(Data entries)

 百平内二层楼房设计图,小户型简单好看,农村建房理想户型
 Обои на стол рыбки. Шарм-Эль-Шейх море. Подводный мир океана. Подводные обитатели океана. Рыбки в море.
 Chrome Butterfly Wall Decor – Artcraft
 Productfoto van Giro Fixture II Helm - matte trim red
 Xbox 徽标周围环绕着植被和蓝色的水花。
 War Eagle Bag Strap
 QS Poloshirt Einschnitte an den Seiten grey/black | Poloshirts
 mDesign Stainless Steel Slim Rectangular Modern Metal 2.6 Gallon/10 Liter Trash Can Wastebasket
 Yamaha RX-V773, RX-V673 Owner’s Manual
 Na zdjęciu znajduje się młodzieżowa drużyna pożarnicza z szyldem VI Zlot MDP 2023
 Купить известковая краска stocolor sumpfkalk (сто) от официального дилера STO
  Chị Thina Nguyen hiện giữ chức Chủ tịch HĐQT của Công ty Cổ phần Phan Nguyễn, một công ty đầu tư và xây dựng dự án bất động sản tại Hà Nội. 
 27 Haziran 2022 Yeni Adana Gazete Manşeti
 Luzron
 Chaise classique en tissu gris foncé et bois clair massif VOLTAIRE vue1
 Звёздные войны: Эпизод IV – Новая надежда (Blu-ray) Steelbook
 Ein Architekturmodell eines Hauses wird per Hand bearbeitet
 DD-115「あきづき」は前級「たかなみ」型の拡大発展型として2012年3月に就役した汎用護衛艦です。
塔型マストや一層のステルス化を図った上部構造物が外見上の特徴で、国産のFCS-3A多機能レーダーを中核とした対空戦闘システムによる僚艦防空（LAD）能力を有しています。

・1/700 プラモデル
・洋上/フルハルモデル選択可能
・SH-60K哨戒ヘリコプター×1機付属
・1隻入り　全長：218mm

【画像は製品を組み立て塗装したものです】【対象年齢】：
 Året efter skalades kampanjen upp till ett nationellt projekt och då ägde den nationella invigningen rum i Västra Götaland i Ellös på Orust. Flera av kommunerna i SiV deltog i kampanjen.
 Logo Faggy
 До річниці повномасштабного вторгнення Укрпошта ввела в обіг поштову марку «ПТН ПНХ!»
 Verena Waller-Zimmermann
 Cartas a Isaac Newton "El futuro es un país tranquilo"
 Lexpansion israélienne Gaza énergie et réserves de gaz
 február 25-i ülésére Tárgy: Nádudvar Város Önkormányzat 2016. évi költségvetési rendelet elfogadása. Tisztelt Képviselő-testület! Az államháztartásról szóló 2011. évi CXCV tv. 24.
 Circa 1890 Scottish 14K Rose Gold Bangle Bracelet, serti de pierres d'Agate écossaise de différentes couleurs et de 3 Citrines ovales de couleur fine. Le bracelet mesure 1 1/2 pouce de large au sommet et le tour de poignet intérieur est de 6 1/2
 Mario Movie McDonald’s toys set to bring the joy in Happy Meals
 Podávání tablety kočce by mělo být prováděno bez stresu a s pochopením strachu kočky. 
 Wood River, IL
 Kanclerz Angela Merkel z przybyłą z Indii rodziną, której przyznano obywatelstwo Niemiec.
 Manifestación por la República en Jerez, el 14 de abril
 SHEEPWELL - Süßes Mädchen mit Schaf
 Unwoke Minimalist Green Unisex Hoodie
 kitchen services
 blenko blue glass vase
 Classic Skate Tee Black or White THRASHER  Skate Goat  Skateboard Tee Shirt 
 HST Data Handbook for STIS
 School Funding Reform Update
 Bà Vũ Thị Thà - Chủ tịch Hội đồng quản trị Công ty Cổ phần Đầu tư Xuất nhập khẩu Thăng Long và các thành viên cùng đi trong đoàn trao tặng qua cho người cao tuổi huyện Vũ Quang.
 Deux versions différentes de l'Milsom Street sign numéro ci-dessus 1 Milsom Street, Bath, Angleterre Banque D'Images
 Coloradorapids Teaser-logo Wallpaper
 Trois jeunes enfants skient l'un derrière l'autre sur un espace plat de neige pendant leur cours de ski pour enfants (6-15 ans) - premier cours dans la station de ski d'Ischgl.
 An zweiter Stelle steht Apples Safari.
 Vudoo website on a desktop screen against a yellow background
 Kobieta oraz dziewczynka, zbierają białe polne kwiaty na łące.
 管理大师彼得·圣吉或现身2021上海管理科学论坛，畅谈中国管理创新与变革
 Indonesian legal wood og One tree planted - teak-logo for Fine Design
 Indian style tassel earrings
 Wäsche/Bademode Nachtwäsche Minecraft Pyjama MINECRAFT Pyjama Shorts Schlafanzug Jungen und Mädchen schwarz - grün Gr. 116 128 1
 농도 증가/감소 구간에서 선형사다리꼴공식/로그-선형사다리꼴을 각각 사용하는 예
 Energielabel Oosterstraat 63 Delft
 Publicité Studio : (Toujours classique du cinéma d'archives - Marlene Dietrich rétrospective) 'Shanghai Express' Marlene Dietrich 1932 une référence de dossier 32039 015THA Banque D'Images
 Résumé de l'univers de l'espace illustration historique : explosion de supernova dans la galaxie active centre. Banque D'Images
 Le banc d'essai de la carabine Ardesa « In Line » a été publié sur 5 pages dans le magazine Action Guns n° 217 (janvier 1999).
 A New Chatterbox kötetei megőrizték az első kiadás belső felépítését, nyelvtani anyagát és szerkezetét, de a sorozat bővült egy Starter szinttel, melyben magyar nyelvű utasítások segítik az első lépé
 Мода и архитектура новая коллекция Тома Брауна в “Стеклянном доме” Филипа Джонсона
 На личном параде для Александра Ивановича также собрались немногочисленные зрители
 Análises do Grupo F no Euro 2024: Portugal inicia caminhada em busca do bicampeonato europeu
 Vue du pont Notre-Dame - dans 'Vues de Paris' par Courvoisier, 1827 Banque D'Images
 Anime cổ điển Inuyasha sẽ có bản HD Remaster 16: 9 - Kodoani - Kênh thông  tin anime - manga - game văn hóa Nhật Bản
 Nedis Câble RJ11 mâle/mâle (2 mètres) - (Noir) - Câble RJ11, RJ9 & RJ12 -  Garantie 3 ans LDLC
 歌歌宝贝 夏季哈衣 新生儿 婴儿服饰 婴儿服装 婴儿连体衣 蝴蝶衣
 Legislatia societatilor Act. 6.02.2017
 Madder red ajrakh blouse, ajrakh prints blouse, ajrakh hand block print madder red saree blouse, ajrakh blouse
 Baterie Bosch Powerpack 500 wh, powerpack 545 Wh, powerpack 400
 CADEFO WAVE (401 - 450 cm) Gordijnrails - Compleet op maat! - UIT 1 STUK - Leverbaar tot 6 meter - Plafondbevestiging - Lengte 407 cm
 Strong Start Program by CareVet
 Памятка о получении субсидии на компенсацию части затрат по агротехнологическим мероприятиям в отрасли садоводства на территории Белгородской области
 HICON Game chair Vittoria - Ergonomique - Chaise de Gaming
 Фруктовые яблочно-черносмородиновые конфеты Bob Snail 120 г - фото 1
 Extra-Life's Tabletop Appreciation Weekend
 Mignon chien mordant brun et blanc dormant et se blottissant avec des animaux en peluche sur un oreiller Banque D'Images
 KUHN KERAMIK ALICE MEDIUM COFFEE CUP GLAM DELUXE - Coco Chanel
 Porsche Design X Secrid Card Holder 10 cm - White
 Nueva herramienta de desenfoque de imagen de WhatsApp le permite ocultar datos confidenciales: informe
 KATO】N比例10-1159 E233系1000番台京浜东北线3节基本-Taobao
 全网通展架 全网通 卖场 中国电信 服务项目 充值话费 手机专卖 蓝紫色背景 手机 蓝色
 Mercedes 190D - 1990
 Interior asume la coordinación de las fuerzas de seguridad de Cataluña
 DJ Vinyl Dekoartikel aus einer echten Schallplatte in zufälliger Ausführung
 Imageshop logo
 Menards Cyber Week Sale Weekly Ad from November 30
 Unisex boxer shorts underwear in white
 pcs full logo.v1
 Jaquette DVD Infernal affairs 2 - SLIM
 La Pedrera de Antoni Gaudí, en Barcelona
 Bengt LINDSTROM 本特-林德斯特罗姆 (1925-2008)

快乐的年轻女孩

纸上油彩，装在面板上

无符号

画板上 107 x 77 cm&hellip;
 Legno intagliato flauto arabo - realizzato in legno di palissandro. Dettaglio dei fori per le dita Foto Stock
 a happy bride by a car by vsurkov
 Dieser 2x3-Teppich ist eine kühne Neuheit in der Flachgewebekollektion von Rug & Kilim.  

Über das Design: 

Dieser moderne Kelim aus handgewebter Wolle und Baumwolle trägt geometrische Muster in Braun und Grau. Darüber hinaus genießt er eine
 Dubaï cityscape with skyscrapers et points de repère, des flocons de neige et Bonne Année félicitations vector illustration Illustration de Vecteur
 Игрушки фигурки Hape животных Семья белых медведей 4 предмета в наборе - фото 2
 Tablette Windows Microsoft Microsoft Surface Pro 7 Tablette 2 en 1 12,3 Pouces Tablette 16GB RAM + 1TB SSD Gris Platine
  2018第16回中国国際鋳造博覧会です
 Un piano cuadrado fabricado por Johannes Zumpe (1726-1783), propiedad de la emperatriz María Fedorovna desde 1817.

EXERCISE DETAILS:
Run a filter over the data above and keep each line that contains the word "Banque".

REPLY:
 Deux versions différentes de l'Milsom Street sign numéro ci-dessus 1 Milsom Street, Bath, Angleterre Banque D'Images
 Publicité Studio : (Toujours classique du cinéma d'archives - Marlene Dietrich rétrospective) 'Shanghai Express' Marlene Dietrich 1932 une référence de dossier 32039 015THA Banque D'Images
 Résumé de l'univers de l'espace illustration historique : explosion de supernova dans la galaxie active centre. Banque D'Images
 Vue du pont Notre-Dame - dans 'Vues de Paris' par Courvoisier, 1827 Banque D'Images
 Mignon chien mordant brun et blanc dormant et se blottissant avec des animaux en peluche sur un oreiller Banque D'Images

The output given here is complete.